The Mexican authorities report that detentions and deportations have risen in 
the past four years by an estimated 74 percent, to 240,000, nearly half along 
the southern border. But they acknowledged there had also been a boom in 
immigrant smuggling and increased incidents of abuses and attacks by corrupt 
law 
enforcement officials, vigilantes and bandits. Meanwhile, the waves of migrants 
continue to grow.

Few politicians have made public speeches about such matters. But Deputy 
Foreign Minister Gerónimo Gutiérrez recently acknowledged that Mexico's 
immigration laws were "tougher than those being contemplated by the
United States," where the authorities caught 1.5 million people illegally 
crossing the Mexican border last year. He spoke before a congressional panel to 
discuss "Mexico in the Face of the Migratory Phenomenon." In an interview, Mr. 
Gutiérrez said Mexico needed to "review its laws in order to have more 
legitimacy when we present our points of view to the United States." Another 
high-level official in the Foreign Ministry was more blunt, but spoke only on 
condition of anonymity because he did not want to be seen as undermining Mexico 
in its 
dealings with the United States. 

"Are we where we should be in the treatment of migrants?" the official said. 
"No we are not. But is the Mexican government aware of that? Yes, and it is 
something we are trying to correct." Unlike the immigration debate in the 
United 
States, where immigration opponents and proponents bandy about estimated 
costs and benefits for everything from the agriculture industry to suburban 
horticulture, hard numbers on the effects of illegal migration on Mexico are 
rare. A 
trip to Chiapas raises questions about whether Mexico practices at home what 
it preaches abroad.

If the major characters in the migration drama unfolding in Chiapas could be 
captured in a collage, it would include a burly, white-haired farmer named 
Eusebio Ortega Contreras, who did not hide that most of the workers who picked 
mangos in his fields for $6 a day were underage, undocumented Guatemalans. 
Indians from Chiapas used to do these jobs, Mr. Ortega said. But in the past 
five 
years, they have been migrating to the United States. And lately, he said, he 
has begun to worry that he is going to lose the Guatemalans, too. "We know that 
the conditions we provide our workers are not adequate," said Mr. Ortega, 
president of the local fruit growers' association, who showed a reporter the 
meager shelter he can offer: an awning off a hay shed for a roof and lined-up 
milk 
crates for beds. "But costs are going up. Production is going down. We barely 
earn enough money to maintain our orchards, much less improve conditions for 
the workers."

Joaquín Aguilar Vásquez, a 22-year-old father of two, would be standing with 
his knapsack in front of a passenger bus for the northern border, because jobs 
here at home barely kept his family fed. He said he started migrating two 
years ago to work in an electronics factory in Tijuana, where he earned $12 a 
day 
and saved enough to build a house. When he reaches Tijuana this time, he 
said, he will hire a smuggler to sneak him to a construction job in New Orleans.

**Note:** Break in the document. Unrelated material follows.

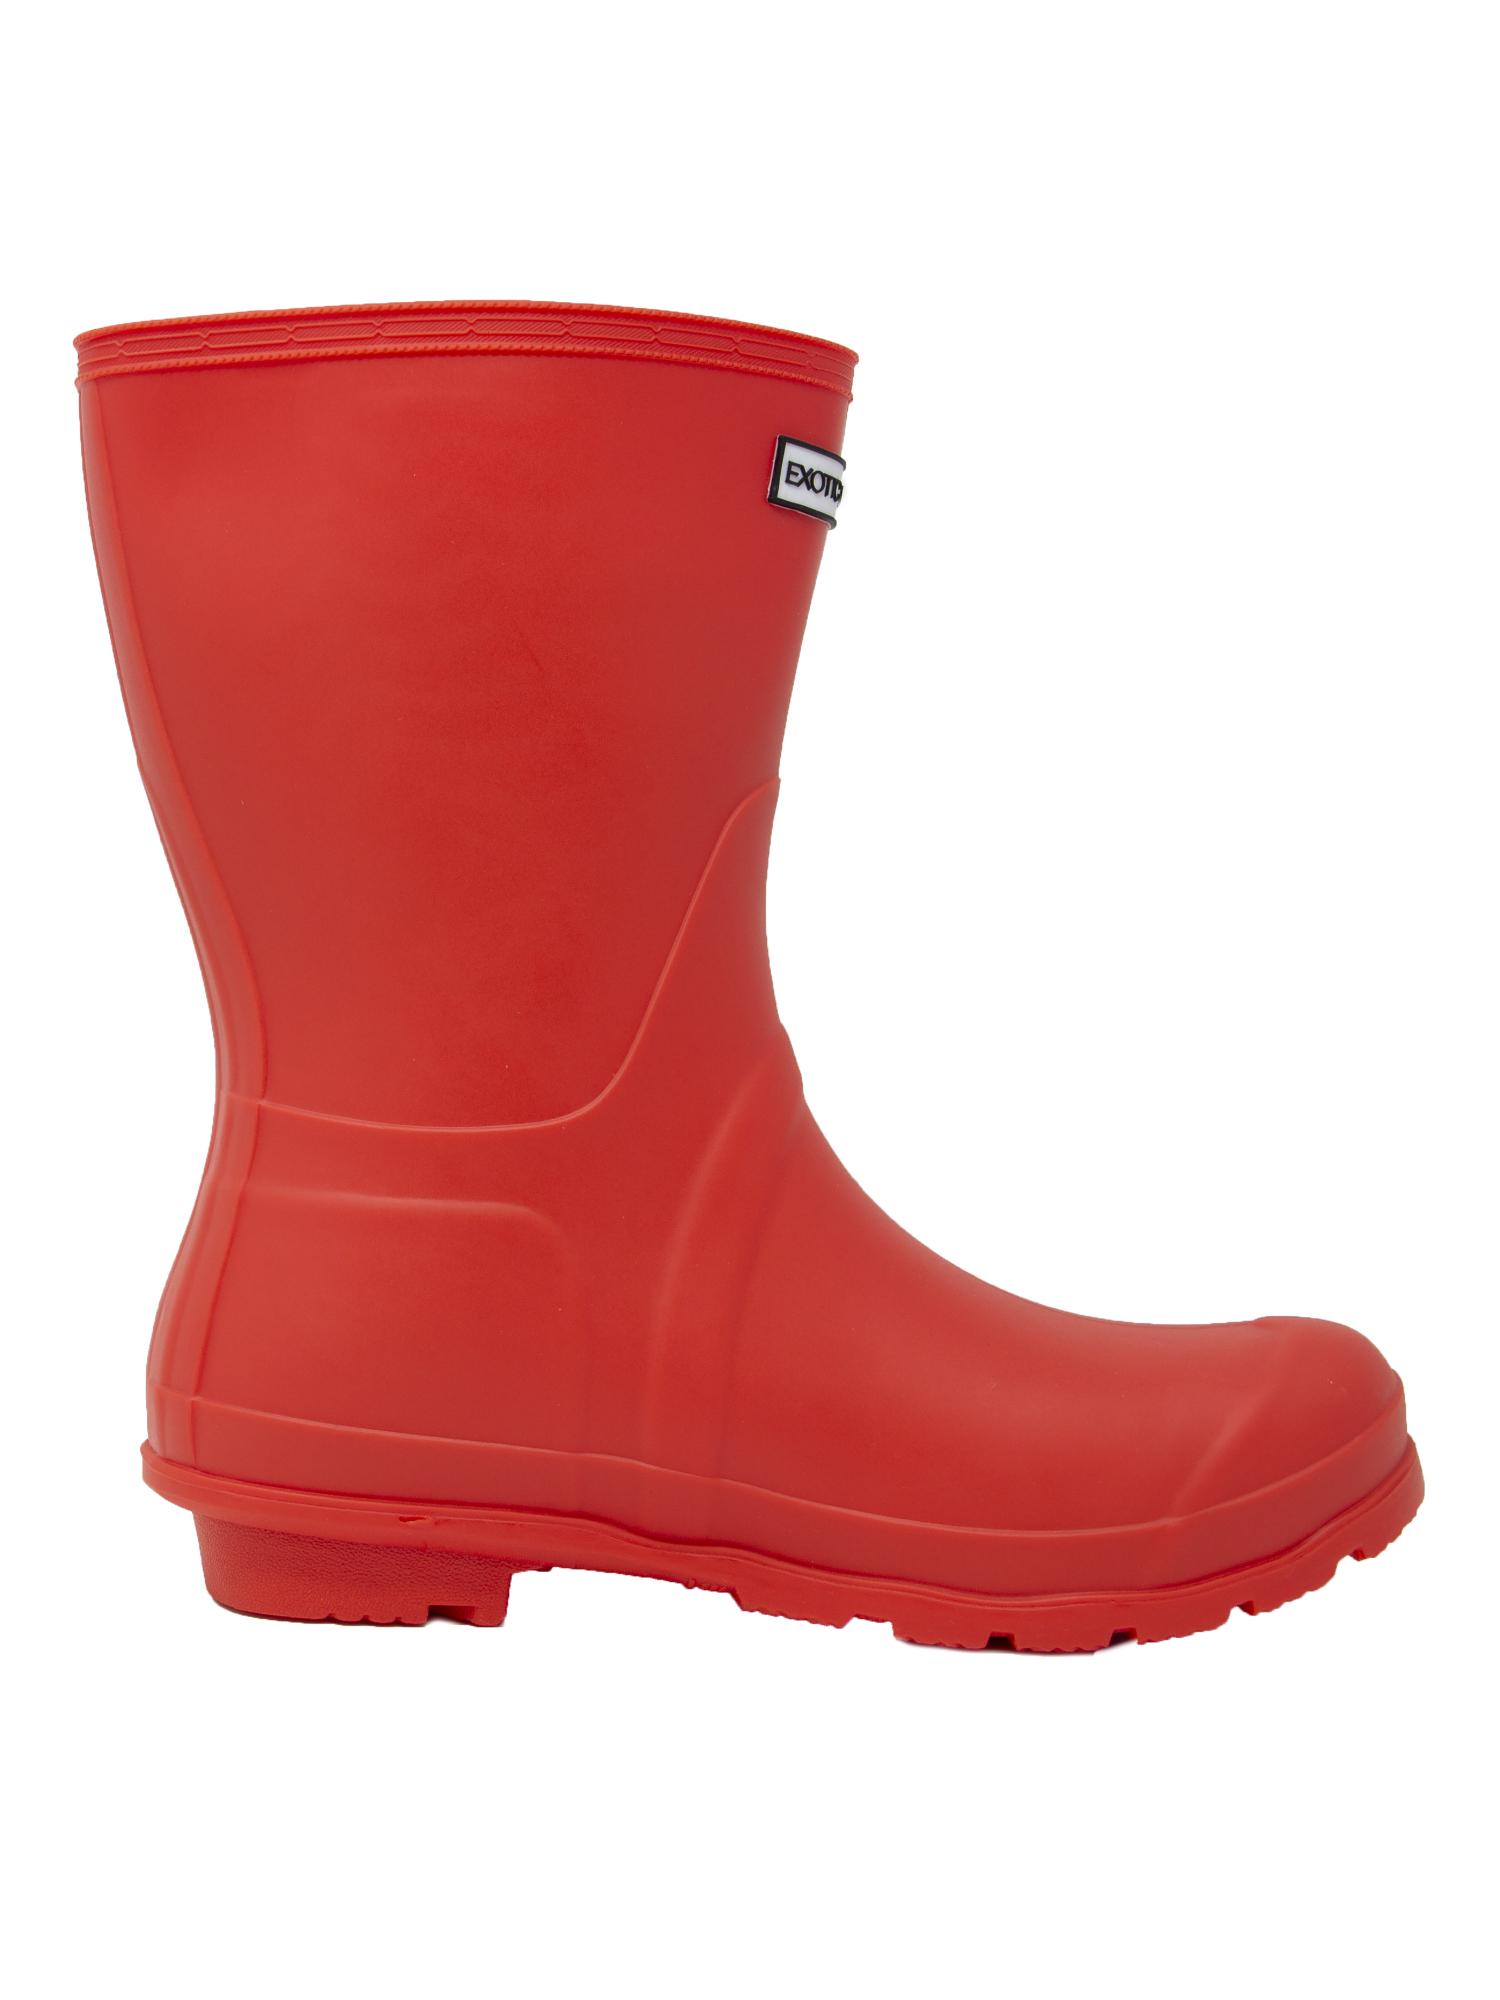 Exotic-Identity-Short-Rain-Boots-Non-Slip-100-Waterproof-for-Women thumbnail 15

There would be a skinny unidentified Chinese citizen, chain-smoking in the 
new migration detention center after being caught with more than 50 of his 
countrymen stowed away among banana crates in the back of a tractor-trailer. 
Next 
to him would be a group of Cuban rafters who floated to Mexico because of the 
increased United States Coast Guard presence around Florida. And there would be 
a flock of Central Americans, so scruffy and tough they seemed right out of 
"Oliver Twist," hopping a freight train north. In the collage, Edwin Godoy, a 
21-year-old Honduran who said he was deported last year from Miami and 
separated from his wife and two children, would be posing in front.  "They call 
this 
train the beast," Mr. Godoy shouted in English to get attention. "Do you want 
to know why? Because it can either take you where you want to go, or it can 
kill you. Some of us won't make it out of here alive."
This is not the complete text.